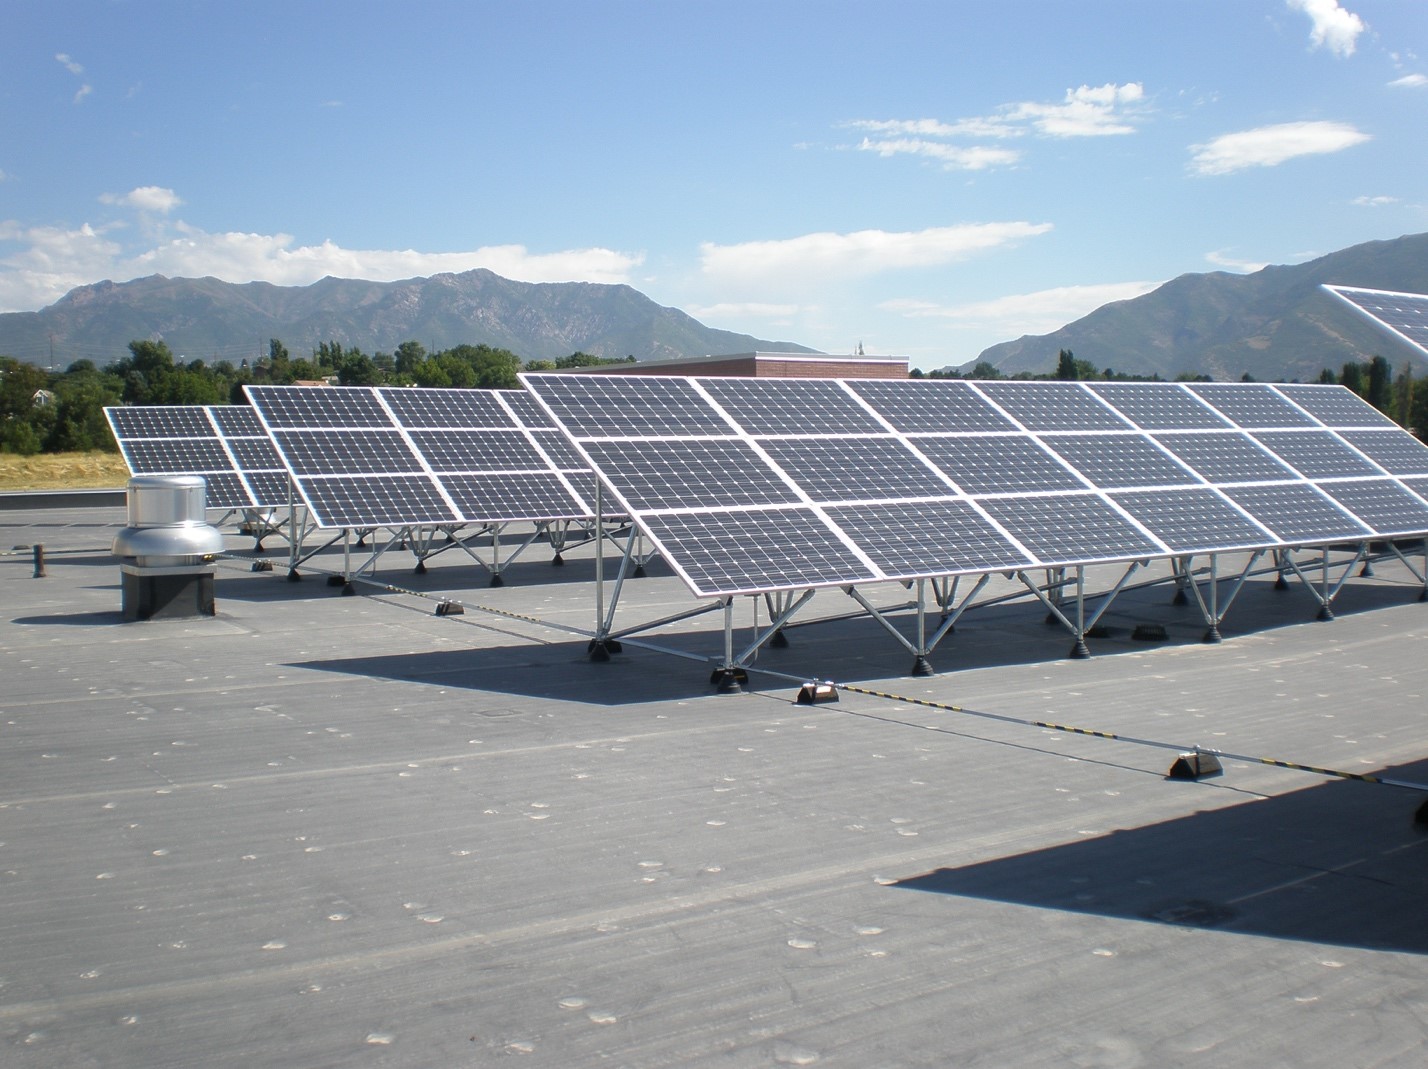 A rooftop solar installation at the Davis campus reduces the school’s reliance on fossil fuels. The university is in the process of building a 7-acre solar installation that will generate nearly two megawatts of electricity. (Photo courtesy of Weber State University)
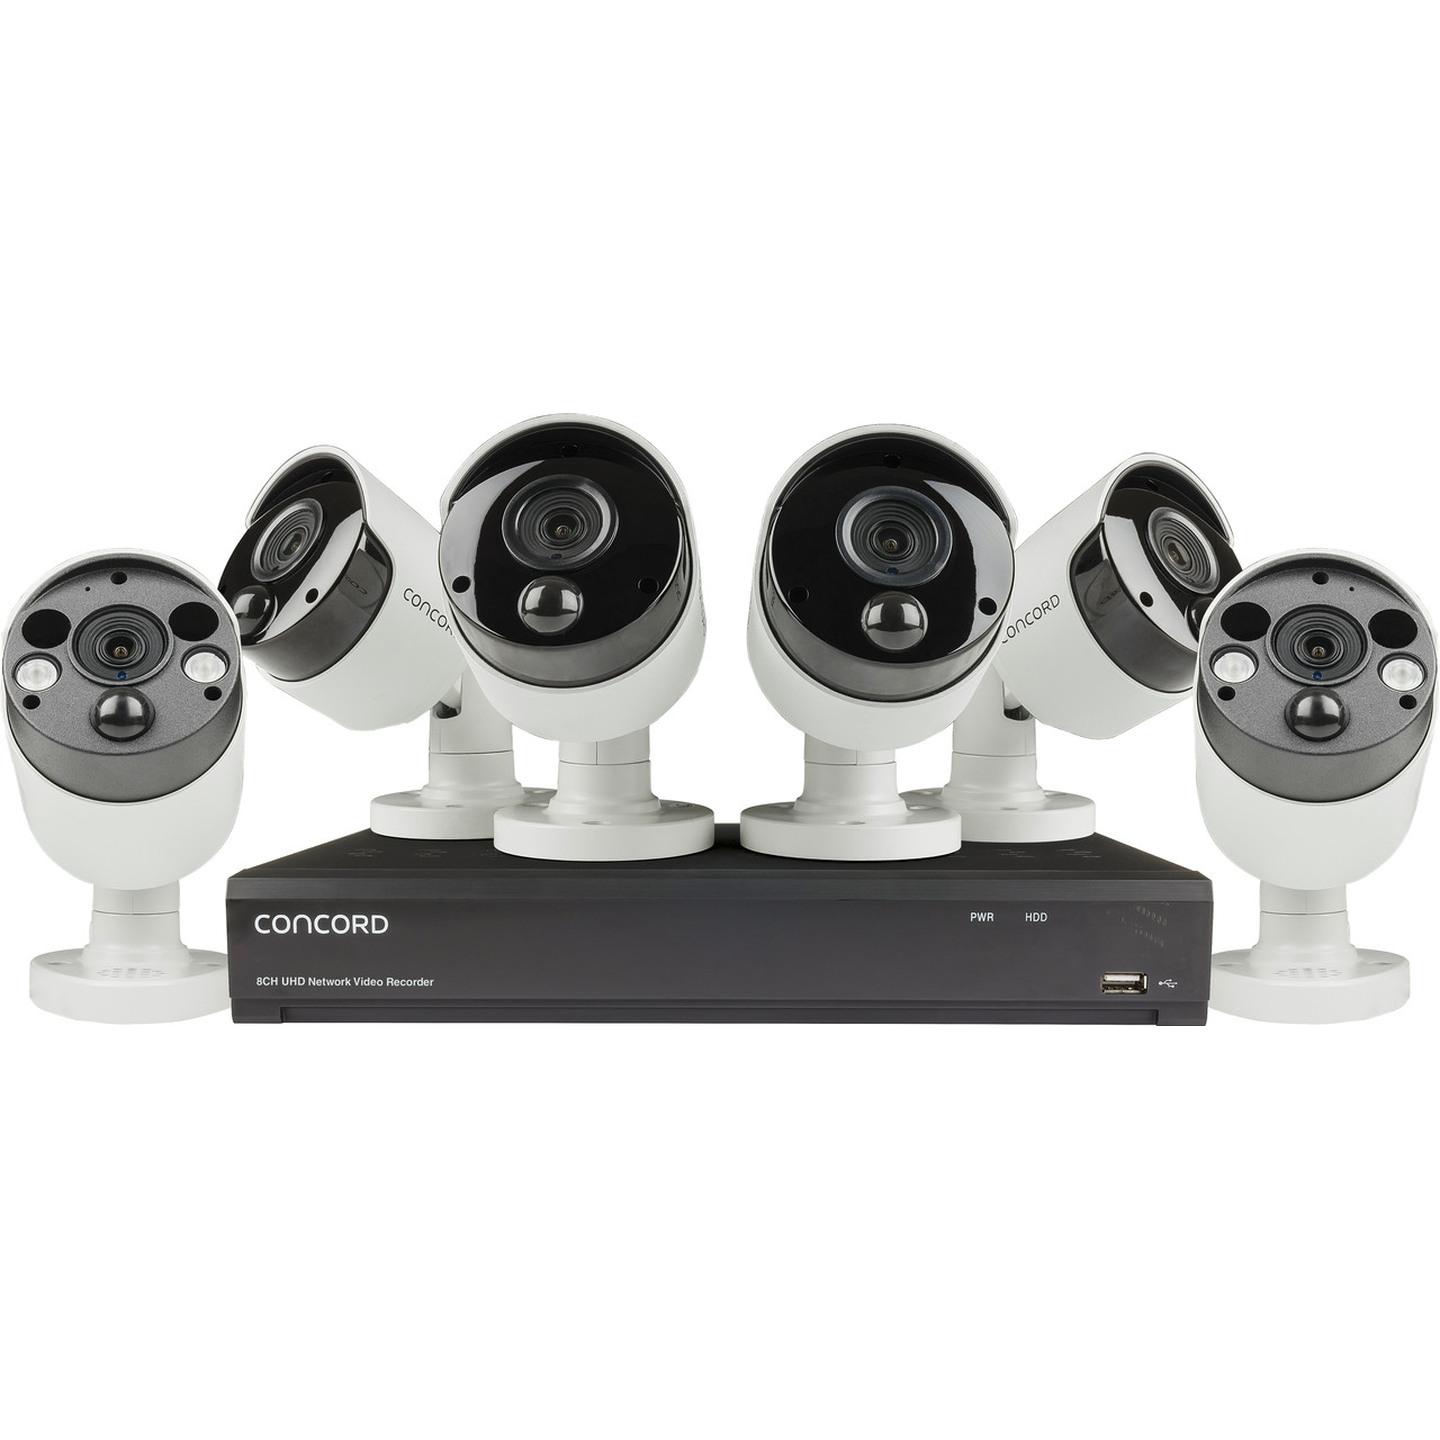 Concord 8 Channel 4K NVR Package - 4x4K PIR IP Cameras and 2x4K PIR IP Floodlight Cameras with 2 way audio
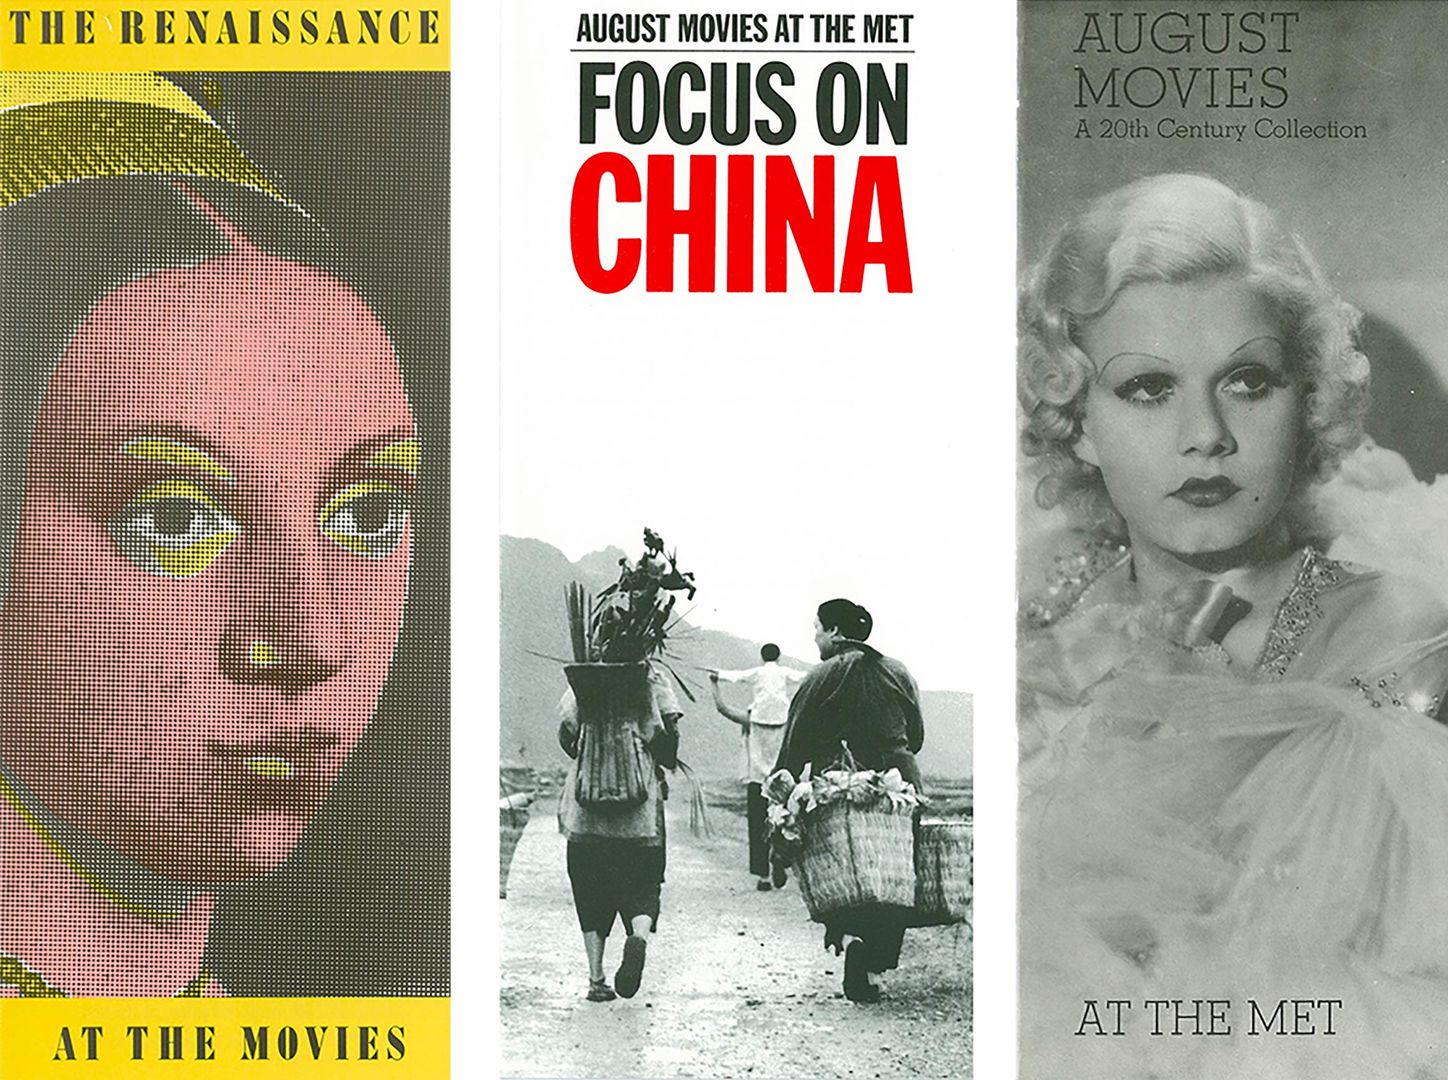 Three brochures advertising August film series at The Met: (left to right) "The Renaissance" (1985), "Focus on China" (1988), and "A 20th Century Collection" (1987).
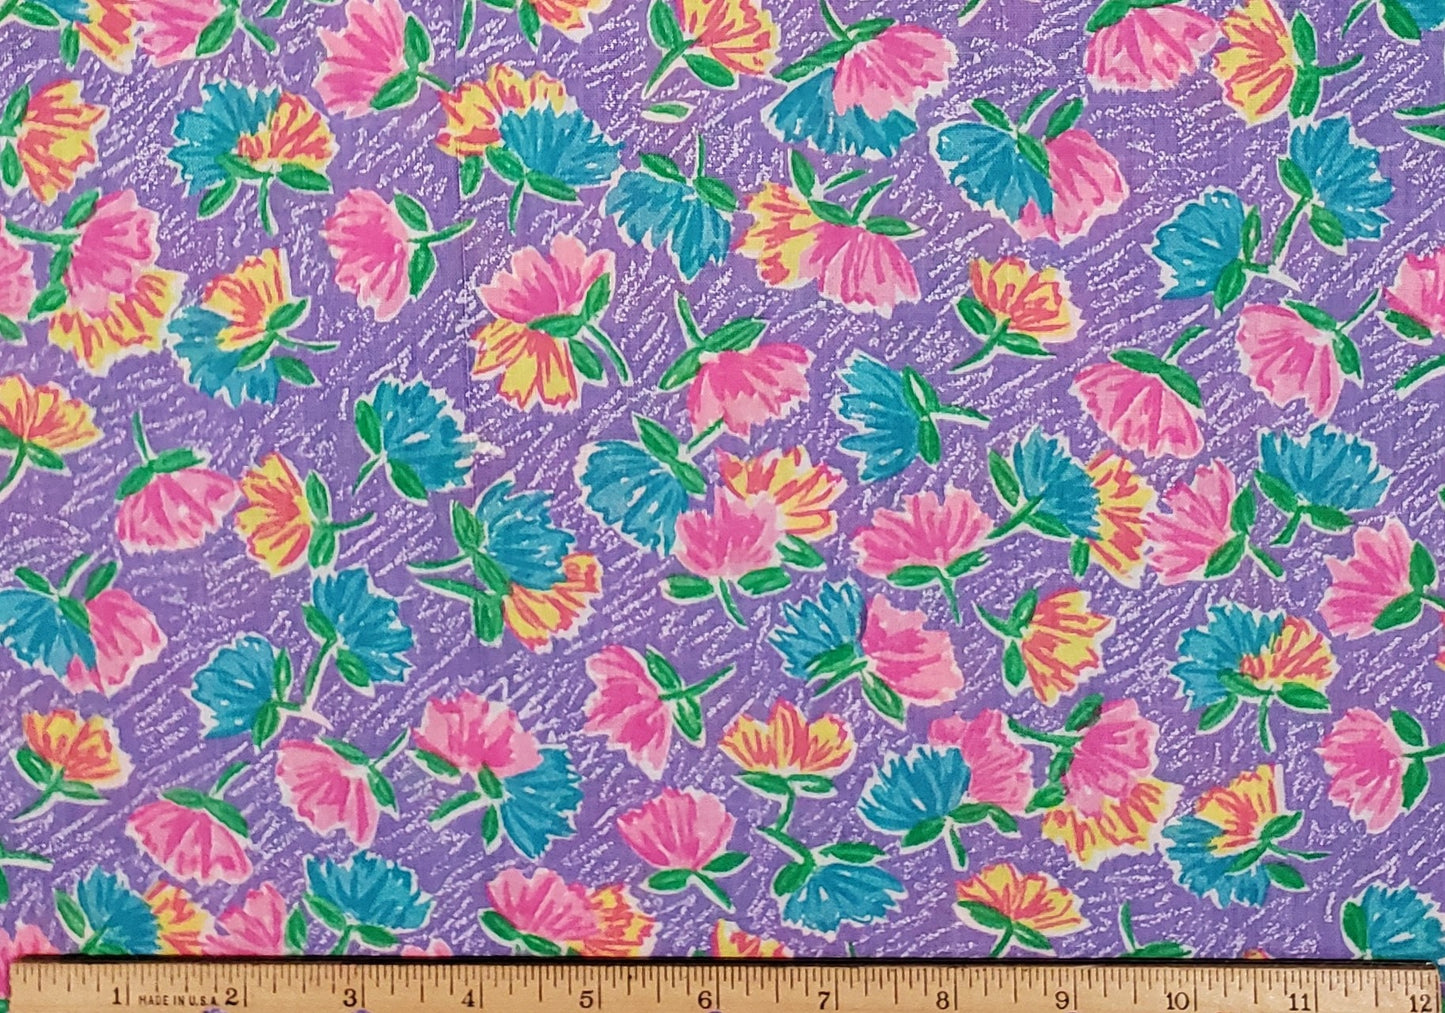 EOB - Purple Patterned Fabric - Light Pink, Blue and Yellow Flower Pattern
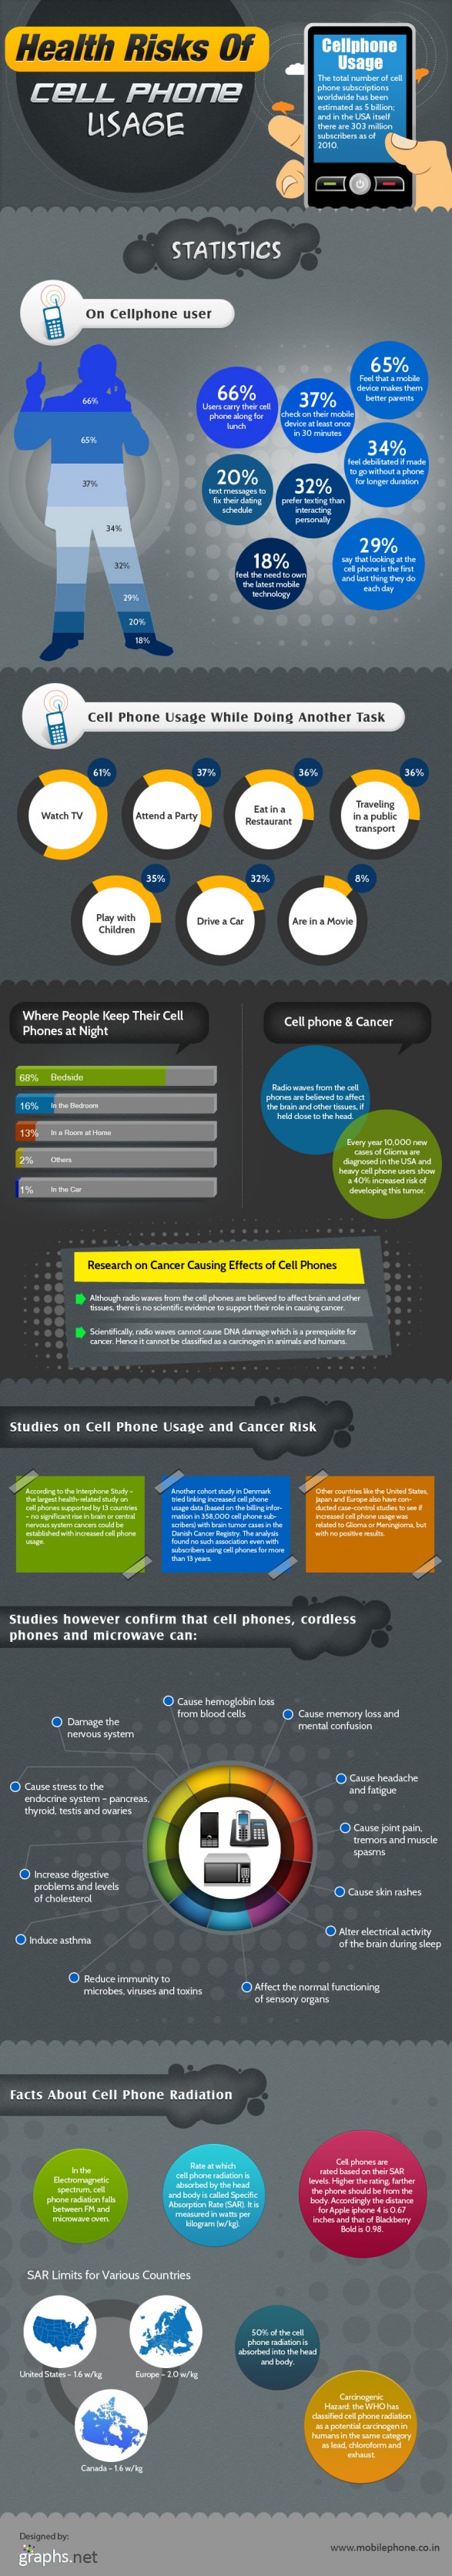 health-risks-of-cell-phone-usage-electromagnetic-infographic

══════════

Only the wording of the records is wanted: copy it all exactly and omit the pictures.

__Answer for this exercise__:
 A rooftop solar installation at the Davis campus reduces the school’s reliance on fossil fuels. The university is in the process of building a 7-acre solar installation that will generate nearly two megawatts of electricity. (Photo courtesy of Weber State University)
 Concord 8 Channel 4K NVR Package - 4x4K PIR IP Cameras and 2x4K PIR IP Floodlight Cameras with 2 way audio
 Three brochures advertising August film series at The Met: (left to right) "The Renaissance" (1985), "Focus on China" (1988), and "A 20th Century Collection" (1987).
 EOB - Purple Patterned Fabric - Light Pink, Blue and Yellow Flower Pattern
 health-risks-of-cell-phone-usage-electromagnetic-infographic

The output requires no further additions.